Smoker’s face: scan estimates age of buyer at cigarette stores

Photo: H@nd

Smokers in some parts of the Netherlands are being asked to have a face scan to see if they are old enough to buy cigarettes, the AD reported on Thursday.

Places which sell cigarettes are required by law to check buyers’ IDs to see if they are 18 or over. Failure to comply with the age check requirement can result in fines of up to €9,000 or a temporary loss of the licence to sell tobacco products.

So far some 100 outlets have opted for a scanner, including five petrol stations in the The Hague region, the AD said.

Using artificial intelligence, the camera scans a buyer’s face, and estimates their age, based on features such as skin condition and wrinkles. If a buyer is thought to be over 25 the transaction can go ahead but if there is doubt the machine will ask to scan an ID.

“The process is similar to that at airports,” Theo Snijders, CEO of the scan making firm H@nd, told the paper.

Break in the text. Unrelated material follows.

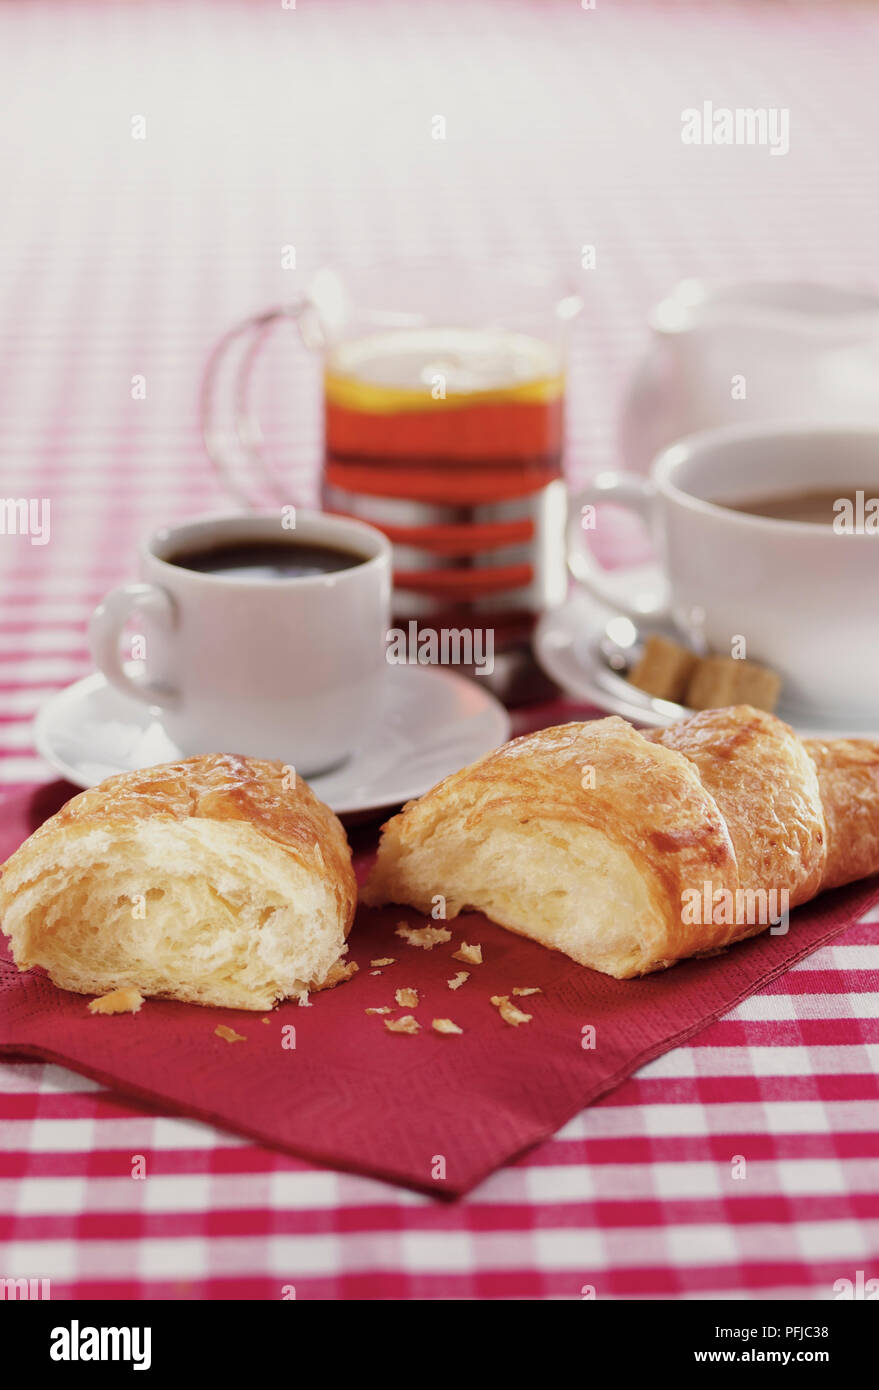 Croissant rotto in metà, una tazza di caffè espresso, una tazza di caffè e un bicchiere di tè e la brocca del latte, disteso sul tovagliolo rosso e verificata la tovaglia, close-up Foto Stock

The legal framework around the scanning process has been devised together with product safety organisation NVWA, privacy watchdogs and lawyers to make sure buyers’ personal data is not compromised.

The scanner does not store data and only records the number of scans. A scan is not a condition for buying tobacco, Snijders said, because that would be illegal.

“I was a bit taken aback when asked to do a scan,” a smoker at one of the petrol stations said, “but if it helps I won’t refuse.” Another said he would not be using the scanner because “it is unclear what happens to my data. I can scan the QR code to read the conditions but that takes too much time,” he said.

From July this year tobacco products can only be sold at specialists stores and petrol stations.